JayBizzle/Crawler-Detect

Bots with love from Russia

antonydevanchi opened this issue · 3 comments

Lines extracts from a few websites in Russia with high traffic.
Each suggested line checked with «User agent is NOT a bot» result.

Sample sources.

@JayBizzle please, approve list and after your «OK» i'll send PR.

Confirmed

Suspicious

  • AppleCoreMedia/1.0.0.15E216 (iPhone; U; CPU OS 11_3 like Mac OS X; ru_ru)
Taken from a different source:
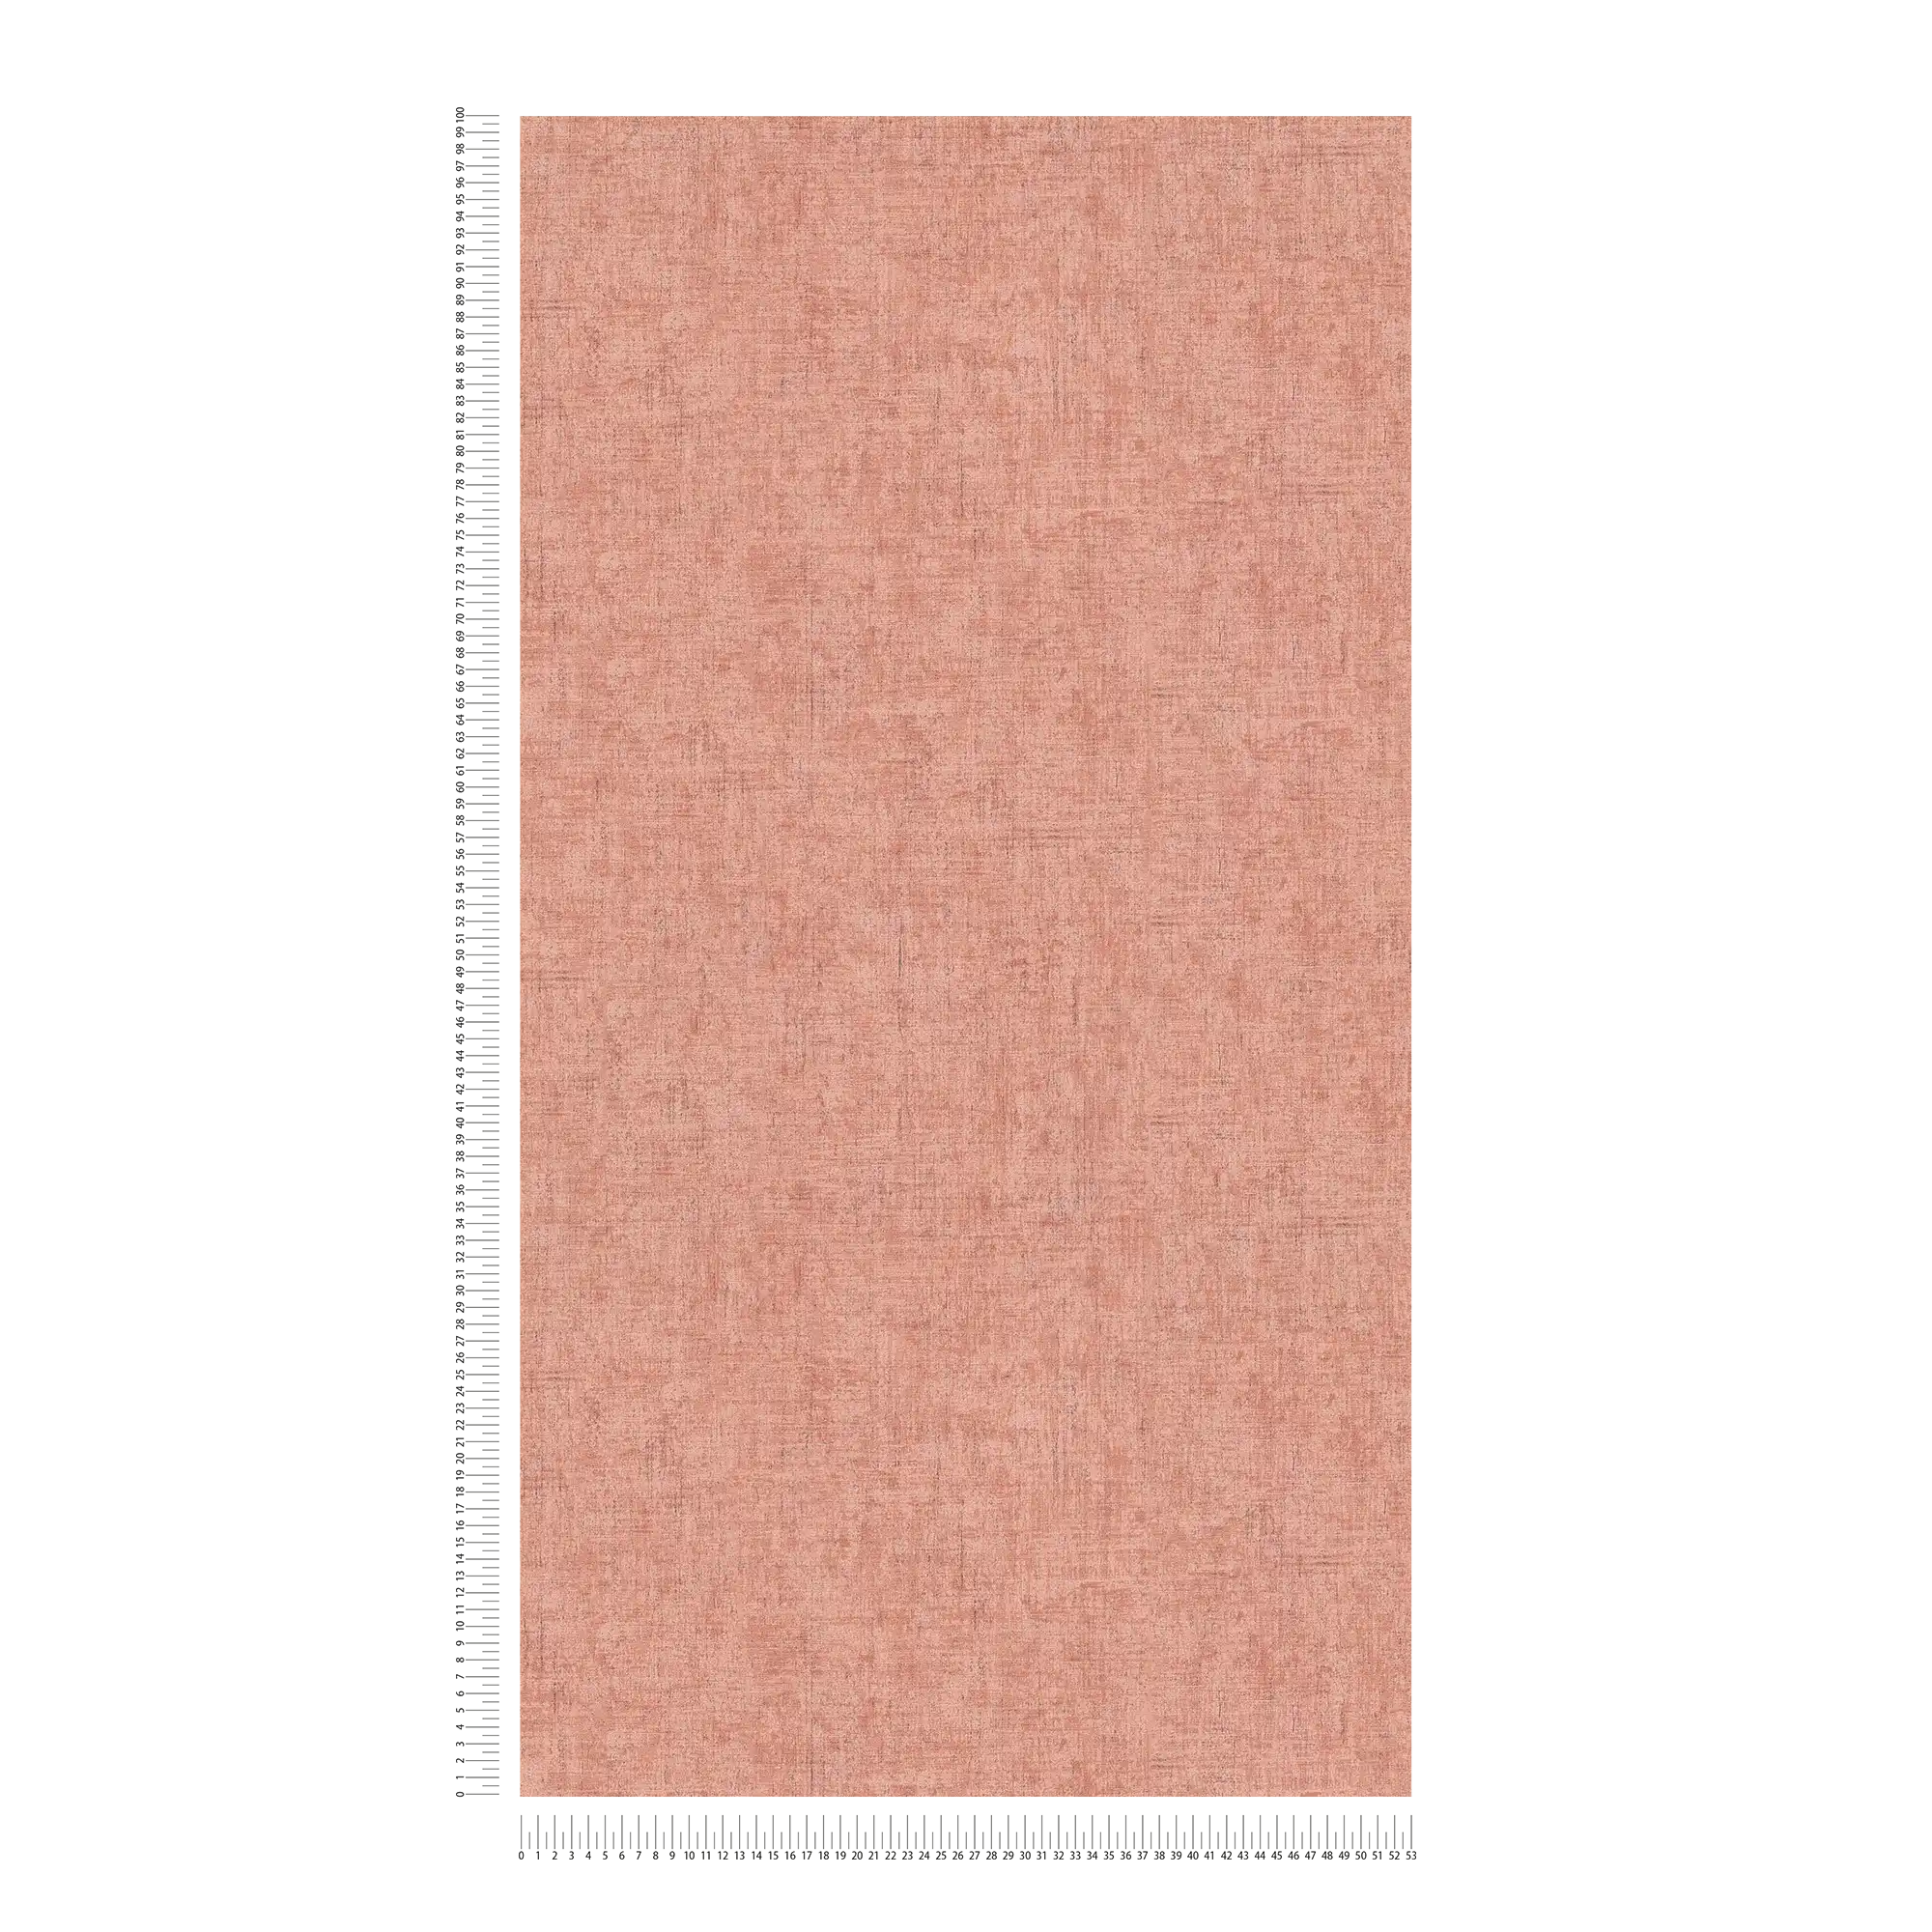             Papel pintado no tejido rosa-gris moteado con sombreado de color y textura en relieve

  • U7IA53O8WRQLP5HTN36O 520895322210219123 178783837217128874 128152866426197781 170646164760074160 897891597049094717 10798953746823634 865980663587406199 83960315279034295 50879782656773070 425389085694464584 520832197366222982 566888253833316094 497618096526395537 425659151411788951 494971665505918016 870530337619880183 349139421128410017 627636913921908195 757052309832051516 923961866520554027 Mozilla/5.0 (X11; Linux x86_64) AppleWebKit/537.36 (KHTML, like Gecko) Chrome/71.0.3578.98 Safari/537.36

  • P5IFYN4 466155777352526040 187582494976457628 205329424338575162 290476900380796124 777992341037289367 321980071372304533 644559670148391318 Mozilla/5.0 (X11; Linux x86_64) AppleWebKit/537.36 (KHTML, like Gecko) Chrome/71.0.3578.98 Safari/537.36

  • Mozilla/4.0 (compatible; MSIE 8.0; Windows NT 6.1; Trident/4.0; MRSPUTNIK 2, 4, 0, 386; SLCC2; .NET CLR 2.0.50727; .NET CLR 3.5.30729; .NET CLR 3.0.30729; Media Center PC 6.0; .NET4.0C; BRI/2; AskTbFXTV5/5.14.1.20007)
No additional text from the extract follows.